Le Moudjahid anticolonialiste
Maurice Audin était au commencement de la guerre d’Algérie un brillant assistant de mathématiques français à l’université d’Alger de 25 ans. Anticolonialiste convaincu, il militait au Parti communiste algérien.
Et c’est parce qu’il militait activement pour l’indépendance algérienne qu’il fut le 11 juin 1957 interpelé à son domicile puis porté disparu… Son corps ne sera jamais restitué à sa famille.
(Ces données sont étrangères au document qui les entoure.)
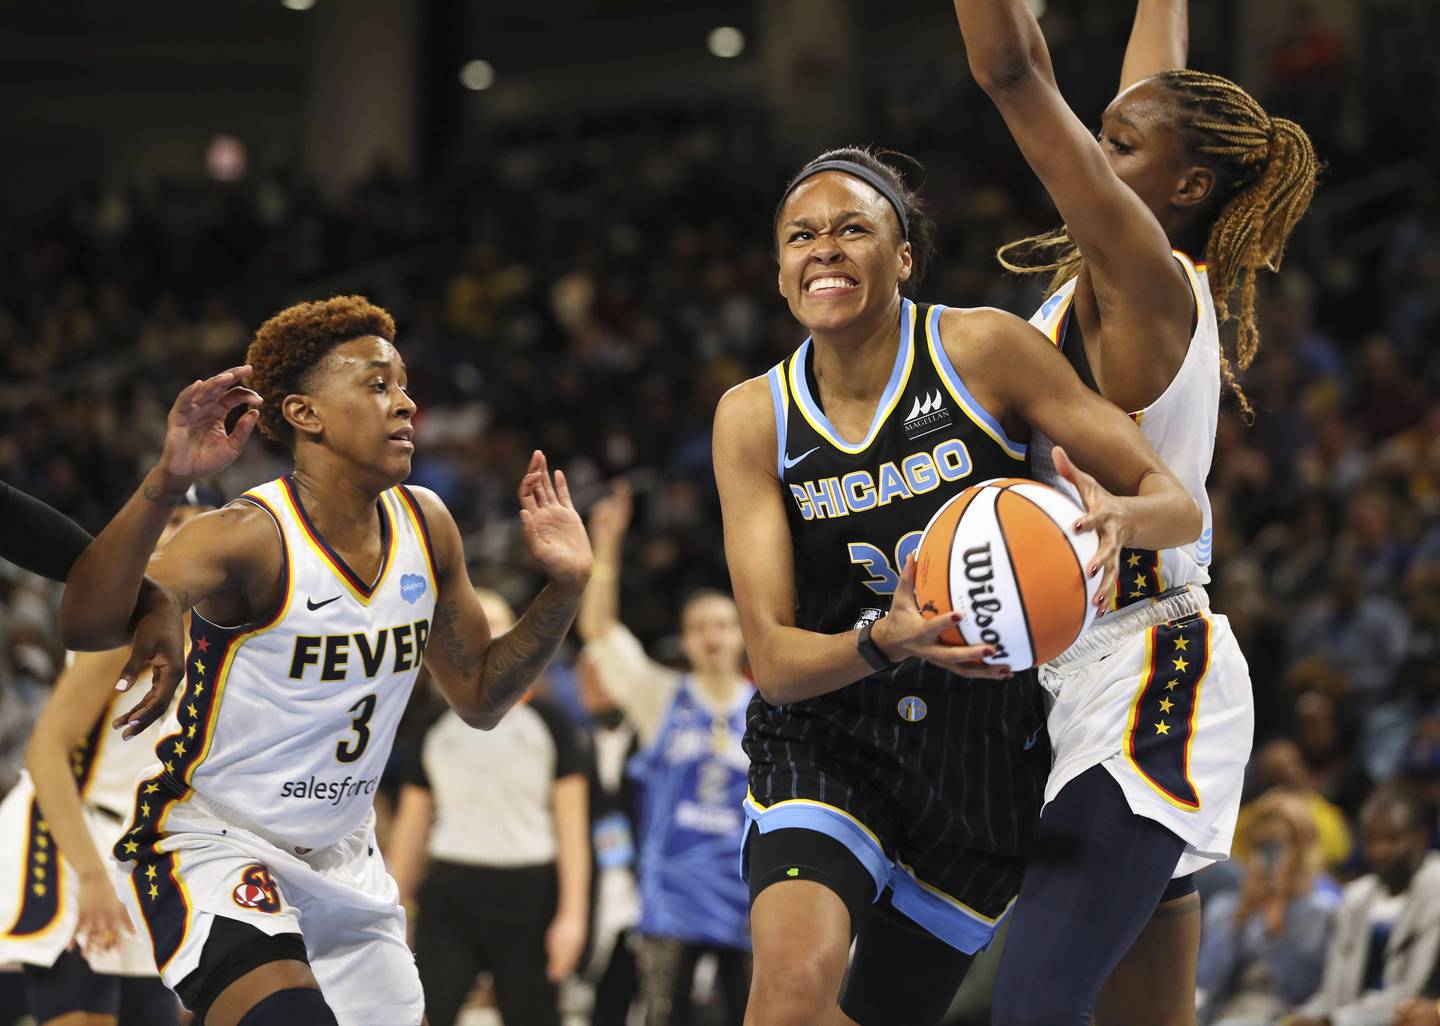 Chicago Sky forward Azurá Stevens drives past the Indiana Fever's Danielle Robinson (3) and Queen Egbo on May 24, 2022, at Wintrust Arena.

Germaine Tillion, l’avocate des peuples d’Algérie
Germaine Tillion ressentait les souffrances du peuple algérien au plus profond d’elle-même et n’était pas indifférente au sort des détenus victimes d’injustice. Elle a ainsi sauvé 250 prisonniers de la peine de mort, évitant la torture à ceux qui en étaient menacés. « …Je n’ai pas choisi les gens à sauver : j’ai sauvé délibérément tous ceux que j’ai pu, Algériens et Français de toutes opinions. »
Dénoncer la torture
Guerre d'Algérie : les Justes contre la honte
En France, ce sont des trotskystes, des anciens résistants, des militants antiracistes, des socialistes dissidents, des chrégtiens de la mission de France, des communistes qui ont soutenu les partisans de Messali Hadj et Ferhat Abbas (les premiers artisans de l'émancipation du peuple algérien) puis les militant du Front de Libération Nationale. C'est au nom du combat contre le racisme et les discriminations qui étaient au coeur du système colonial, au nom de la défencse des droits de l'homme que ces Français ont soutenu les Algériens en lutt pour leur indépendance.